Existing methods include vector quantization (VQ)-based models and state-space models (SSMs) to solve AVG challenges. VQ-based approaches, such as VQ-VAE, DALL-E, and VQGAN, compress images into discrete codes and use AM to predict these codes. SSMs, especially the Mamba family, have shown potential in handling long sequences with linear computational complexity. Recent adaptations of Mamba for visual tasks, such as ViM, VMamba, Zigma, and DiM, have explored multi-directional scanning strategies to capture 2D spatial information. However, these methods add additional parameters and computational costs, which decreases Mamba's speed advantage and increases GPU memory requirements.

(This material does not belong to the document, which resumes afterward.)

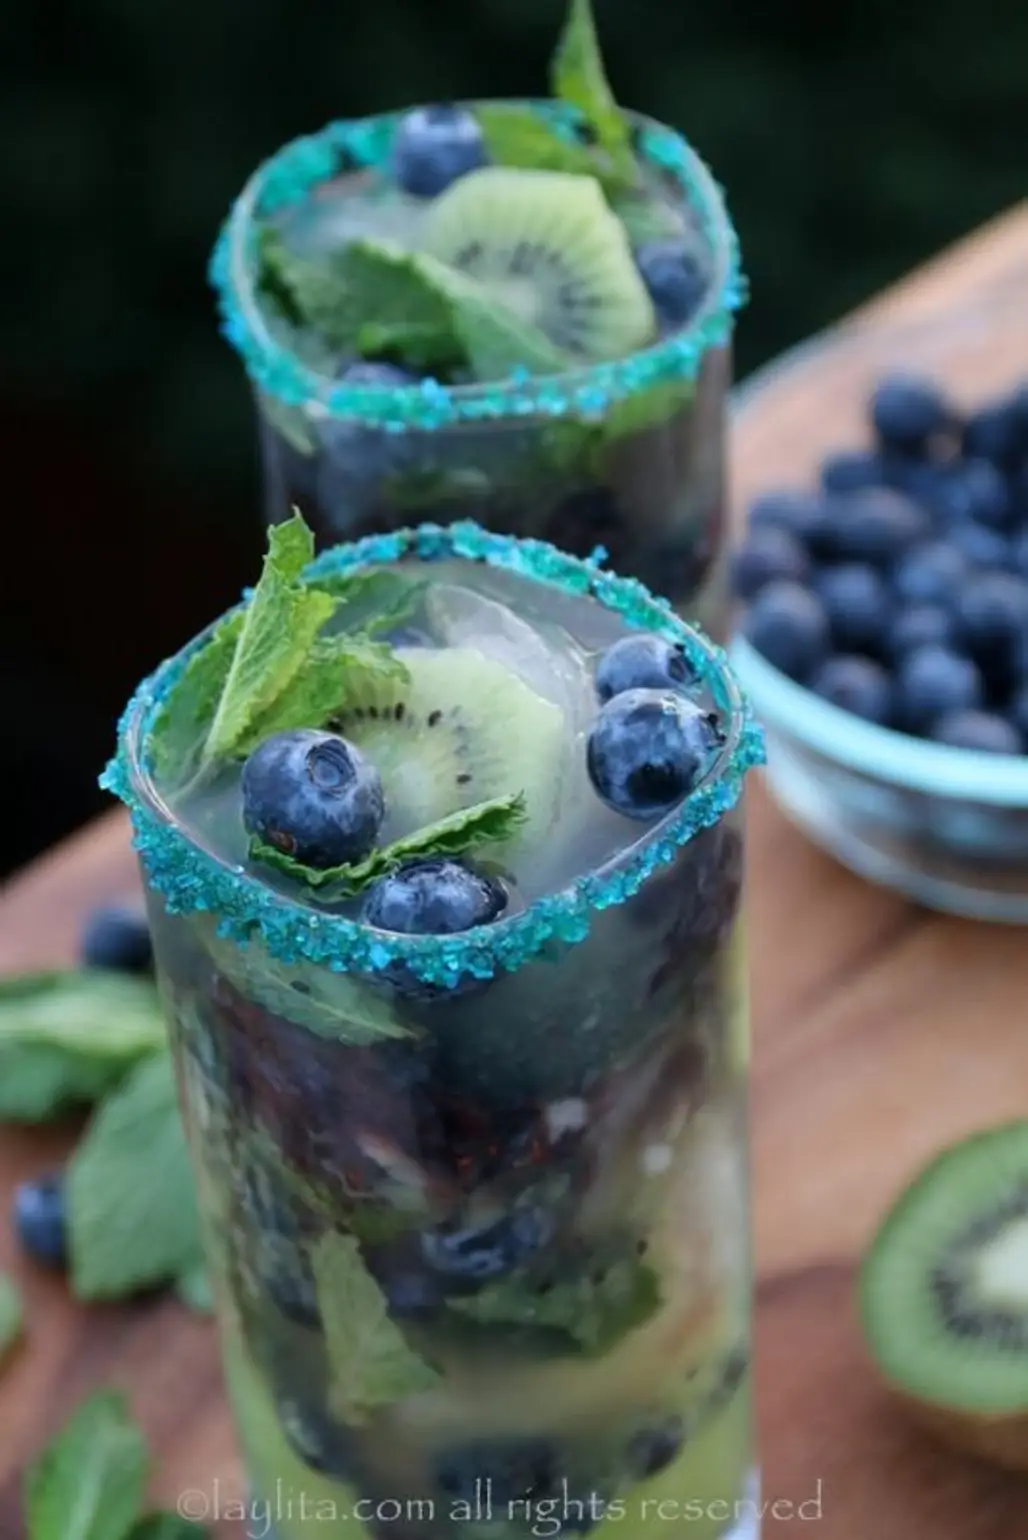 Garnish the Glass Rims with Green or Blue Sugar

Researchers from Beijing University of Posts and Telecommunications, the University of the Chinese Academy of Sciences, the Hong Kong Polytechnic University and the Institute of Automation of the Chinese Academy of Sciences have proposed AiM, a new TOautoregressive YoWizard generation model based on the METROAmba framework. It is developed for efficient and high-quality class-conditional image generation, making it the first model of its kind. Aim uses positional encoding, providing a new and more generalized adaptive layer normalization method called adaLN-Group, which optimizes the trade-off between performance and parameter count. Furthermore, AiM has demonstrated state-of-the-art performance among AMs on the ImageNet 256×256 benchmark while achieving fast inference speeds.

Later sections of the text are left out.